Picture 4. Postoperative local finding.          Picture 5. Postoperative local finding.

 

Gene therapy research is an advance in BMS. Certain BMS mutations can be targeted with oligonucleotides. In vivo, potential therapeutic effects have also been demonstrated with fibroblasts. Over the past 10 to 15 years, studies have shown that loss of cilia at the cellular level or their dysfunction are numerous causes of BMS.

Pomeroy et al. observed an increase in sleep time that may be beneficial in alleviating obesity (10).  Seo et al. published a study in 2009 on intravenous melanocortin receptor agonists for weight reduction and feeding (11). Mujahid describes pituitary abnormalities in 19.5% of the female population with BBS (12). Certain individuals with BBS may develop abnormalities in kidney structure and function. Renal anomalies include fetal lobulation of tissue, small kidneys, ectopic or duplex kidneys, tubular or interstitial nephritis, glomerulosclerosis, polyuria and others (13).

Setmelanotide is a melanocortin-4 receptor (MC4R) agonist that reduces weight and hunger. The Food and Drug Administration approved the treatment for chronic obesity in adults and pediatric patients of 6 years of age and older in 2022.

Ganawa et al. describe the success of using a GLP-1 agonist to reduce body mass index (BMI) (14). A mega-analysis was published by Niederlova et al. (15).
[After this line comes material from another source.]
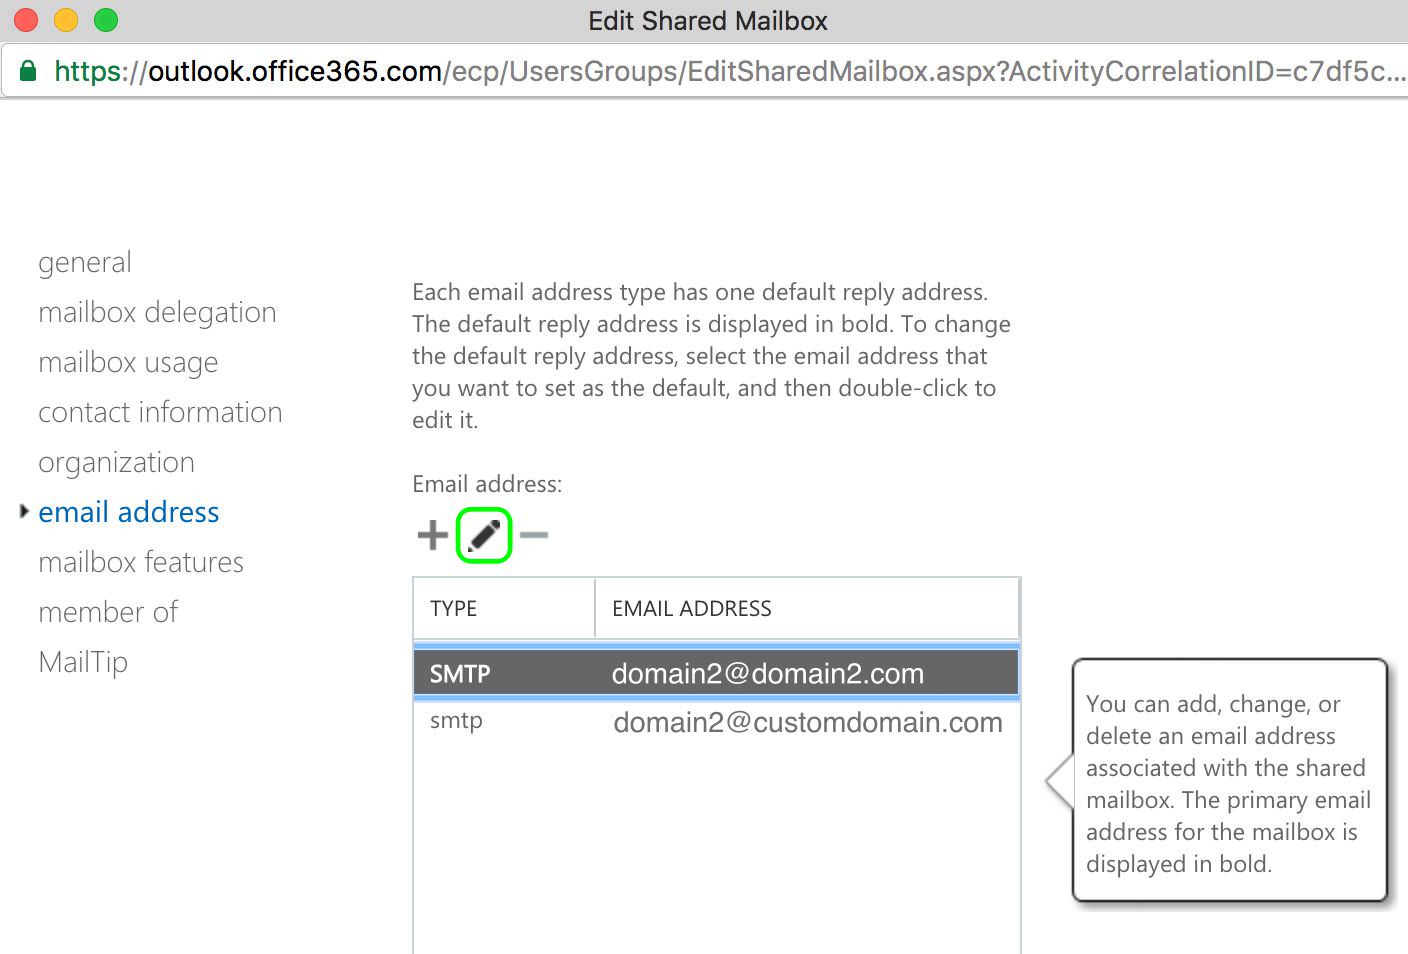 9.3 Ensure that domain2@domain2.com email is highlighted and Click the pencil icon to edit

They analyzed the largest cohort study of BBS patients with a total of 889 patients, pooling data from 85 studies focusing on gene-phenotype correlations. Geno-phenotype correlations were used for disease severity. Patients with mutations and presumed loss of function had a higher syndromic score than the rest.

 

Prognosis

Depending on the symptoms, the survival rate varies. Moor and colleagues describe a median survival of about 63 years (16). Myocardial infarction results in mortality from 40 to 54 years. O’Dea describes in his study renal abnormalities from 19-60 years, then embolism with thrombosis from 32 to 34 years, gastrointestinal hemorrhages at 45 years (17).

 

Conclusion

BBS is a rare genetic disease due to ciliopathy. Due to the involvement of multiple systems, the approach to these patients is multidisciplinary. The diagnosis can be made even intrauterine. A multidisciplinary approach is mandatory in this disease due to multiorgan dysfunction. The role of cellular biology is important for the development of specific therapy.

 

Patient: _________ (female) Sample received 23.02.20
Date of birth: 03.02.2021 Request received 23.02.20
Ident. Sample Number: 29099 Sample processed 18.06.20
Sample type: DNA (date of sampling: unknown) Payment

Science

 

Reason for testing:

Diagnosis/assumption of autosomal recessive Bardet – Biedl Syndrome

 

Requested analisys

NGS analysis based on an exome for known genes for renal ciliopathy, using the Agilent SureSelectXT HS Human All Exon V8. Bioinformatical analysis of 520 genes related to renal pathology of genomic DNA. Alignment of the sequence with human hg38 reference genome. Analysis of coding gene regions and 20 bp of neighboring, non-coding regulatory sequence. The sequencing was done on the Illumina NovaSeq 6000 platform.

Clinical details and previous findings

Patient with bilateral hyperechoic kidneys with a status of previous polydactyly

Results

Filtering for potential complex heterozygosity in 520 genes related to kidney pathology produced a result of only two different heterozygotic BBS12 variants in the patient.